During the observational period (median 49 months; range, 1-114 months), 7 patients with ARS-ILD (19%; 3 with PM, 1 with DM, and 3 without PM/DM) and 51 patients with IPF (51%) died. Patients with ARS-ILD had better overall survival than those with IPF (log-rank test, P < 0.001) and similar survival compared to those with NSIP (log-rank test, P = 0.59). The prognosis for patients with ARS-ILD was similar between those with and without myositis (log-rank test, P = 0.91). At the median follow-up time of 76.5 months, 14 of the 36 patients with ARS-ILD had deteriorated. Both a decline in forced vital capacity or an initiation of long-term oxygen therapy during the course (odds ratio [OR], 5.34) and acute exacerbation (OR, 28.4) significantly increased the mortality risk.

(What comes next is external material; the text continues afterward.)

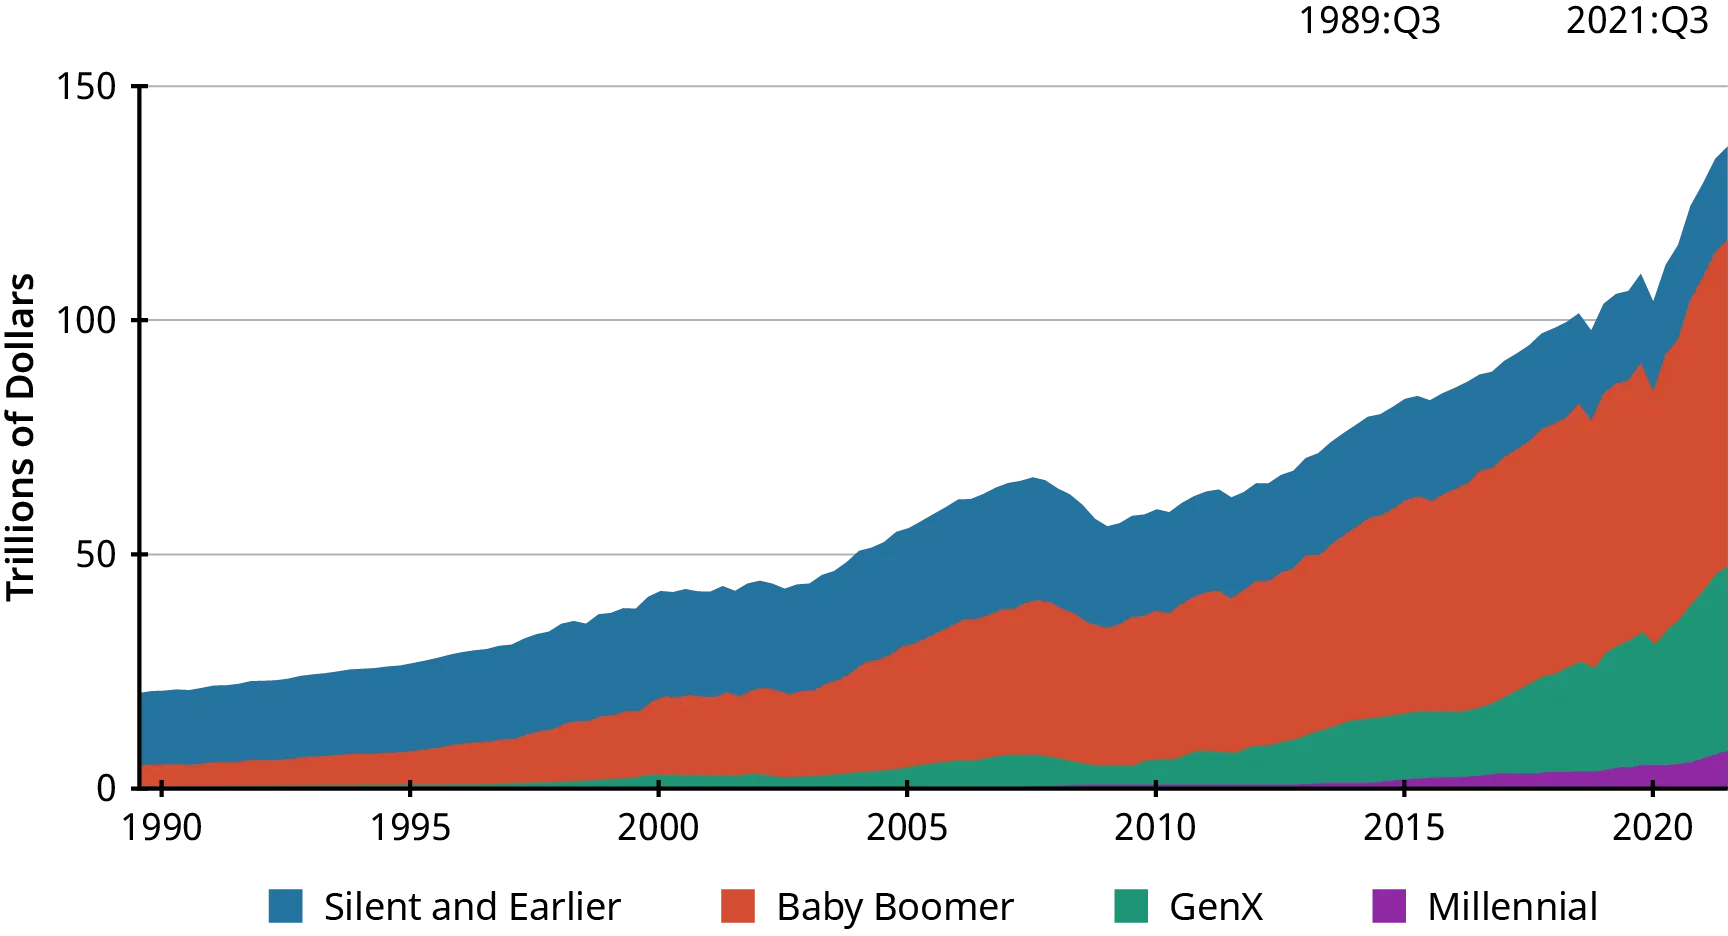 A chart shows wealth distribution by generation in trillions of dollars. The chart starts in 1990 and ends in 2020. At the beginning of the chart, less than 25 trillion dollars of wealth is shown; most of that is controlled by the Silent and earlier generations, with the Baby Boomers having some of the wealth. Baby Boomer wealth continues to grown throughout while the Silent and earlier generations percentage stays about the same until after 2015. Gen X first appears on the chart just before 2000 and Millennials appear just before 2015. By 2020, there is almost 150 trillion dollars in wealth shown; Baby Boomers control most of this; Gen X has the second highest amount, and Millennials and the Silent Generation each have a small amount of this wealth.

The long-term outcome of ARS-ILD was significantly better than that of IPF regardless of the presence or absence of myositis.
抗氨酰转运RNA合成酶抗体(抗ARS)是一组肌炎特异性自身抗体,在多发性肌炎和皮肌炎(PM/DM)患者的血清中可检测到,在无任何结缔组织病(CTD)的特发性间质性肺炎患者(包括PM/DM患者)的血清中也可检测到。尽管我们报告了伴有和不伴有PM/DM的抗ARS抗体相关性间质性肺病(ARS-ILD)的临床特征,但ARS-ILD的长期预后仍未确定。由于我们之前的研究表明,不伴有PM/DM的ARS-ILD与CTD相关的ILD相似,而伴有PM/DM的ARS-ILD在影像学上提示非特异性间质性肺炎(NSIP)病理模式,我们推测ARS-ILD的预后可能与无抗ARS的特发性肺纤维化(IPF)不同。
阐明伴有和不伴有PM/DM的ARS-ILD的长期结局,并将其与IPF的结局进行比较。
进行了一项双中心回顾性研究。研究人群包括36例ARS-ILD患者(8例伴有PM,12例伴有DM,16例在整个病程中无肌炎)、100例无抗ARS的IPF患者和7例无抗ARS的NSIP患者。在诊断时未进行特异性治疗前采集血清,通过RNA免疫沉淀法确定抗ARS的存在情况。
在观察期(中位时间49个月;范围1-114个月)内,7例ARS-ILD患者(19%;3例伴有PM,1例伴有DM,3例不伴有PM/DM)和51例IPF患者(51%)死亡。ARS-ILD患者的总生存率优于IPF患者(对数秩检验,P<0.001),与NSIP患者的生存率相似(对数秩检验,P=0.59)。伴有和不伴有肌炎的ARS-ILD患者的预后相似(对数秩检验,P=0.91)。在中位随访时间76.5个月时,36例ARS-ILD患者中有14例病情恶化。病程中用力肺活量下降或开始长期氧疗(比值比[OR],5.34)以及急性加重(OR,28.4)均显著增加死亡风险。
无论是否伴有肌炎,ARS-ILD的长期结局均显著优于IPF。